4. Is hospitalization necessary? Hospitalization is mandatory in severe cases (necrotic purulent form), signs of complications, or if there is a risk of pregnancy termination. Mild cases are usually treated at home under medical supervision.
5. What tests should be done after recovery? One to three weeks after illness, a complete blood test, complete urine analysis, and an ECG are recommended to ensure no late complications of the kidneys or cardiovascular system.
6. Can throat sprays be used? Many sprays are permitted, but they should be selected by a doctor. Some components may be absorbed into the bloodstream and be undesirable for the fetus at an early stage.
7. Does tonsillitis hinder embryo implantation during IVF? Unfortunately, acute tonsillitis after embryo transfer significantly reduces the chances of success. The increase in temperature and immune activation can prevent implantation. If the illness occurs before transfer, doctors often recommend a cryopreservation protocol.
References
- European Society of Clinical Microbiology and Infectious Diseases (ESCMID). ESCMID Guideline for the Management of Acute Sore Throat. Clinical Microbiology and Infection. 2012; 18(Suppl 1): 1-28.
- National Institute for Health and Care Excellence (NICE). Sore throat (acute): antimicrobial prescribing. NICE guideline [NG84]. Last update: 2018.

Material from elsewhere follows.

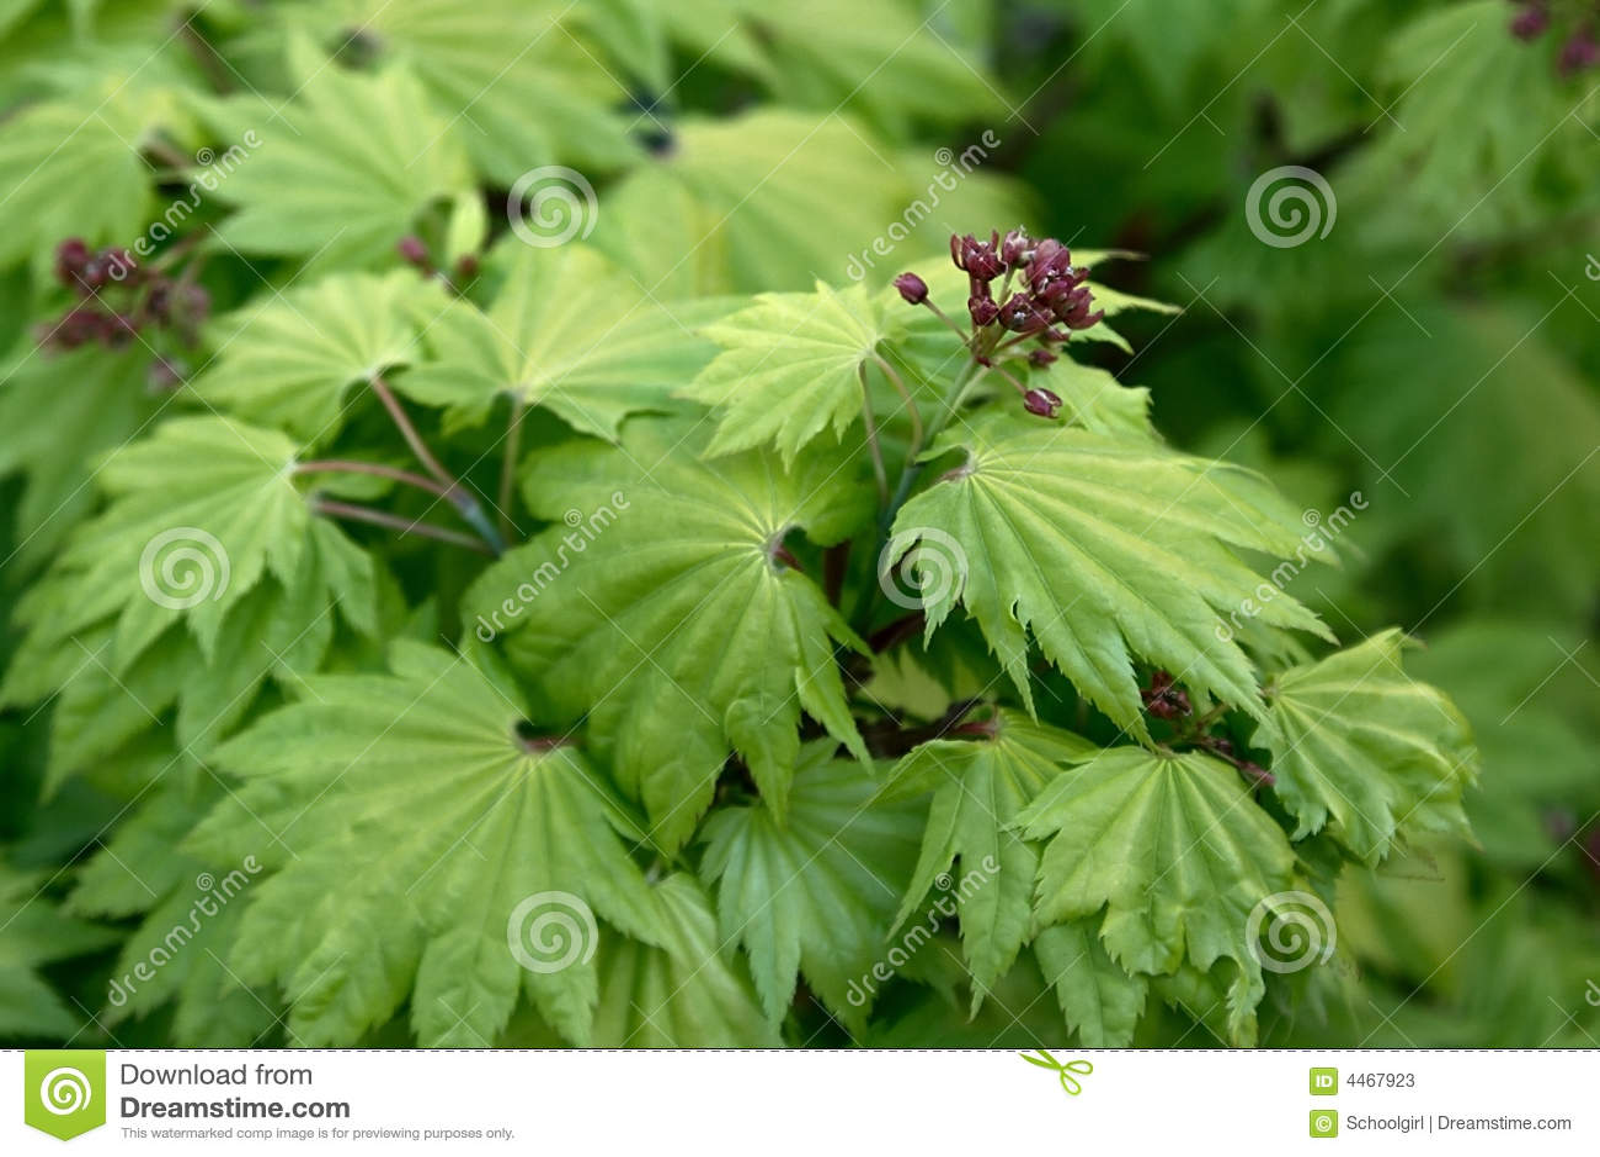 Japanese Maple Acer Shirasawanum Aureum Stock Image Image Of

- SIGN (Scottish Intercollegiate Guidelines Network). Management of sore throat and indications for tonsillectomy. SIGN 117. Edinburgh: SIGN; 2010.
- Cochrane Database of Systematic Reviews. Spinks A, Glasziou PP, Del Mar CB. Antibiotics for sore throat. 2021; (11): CD000023.
- BMJ Best Practice. Acute sore throat: assessment and management. BMJ Publishing Group, 2023.
- World Health Organization (WHO). Model list of essential medicines for pregnancy and lactation. WHO Legal Adviser, 2021.
Royal College of Obstetricians and Gynaecologists (RCOG). Bacterial sepsis during pregnancy (Green-top Guideline No. 64a). 2012.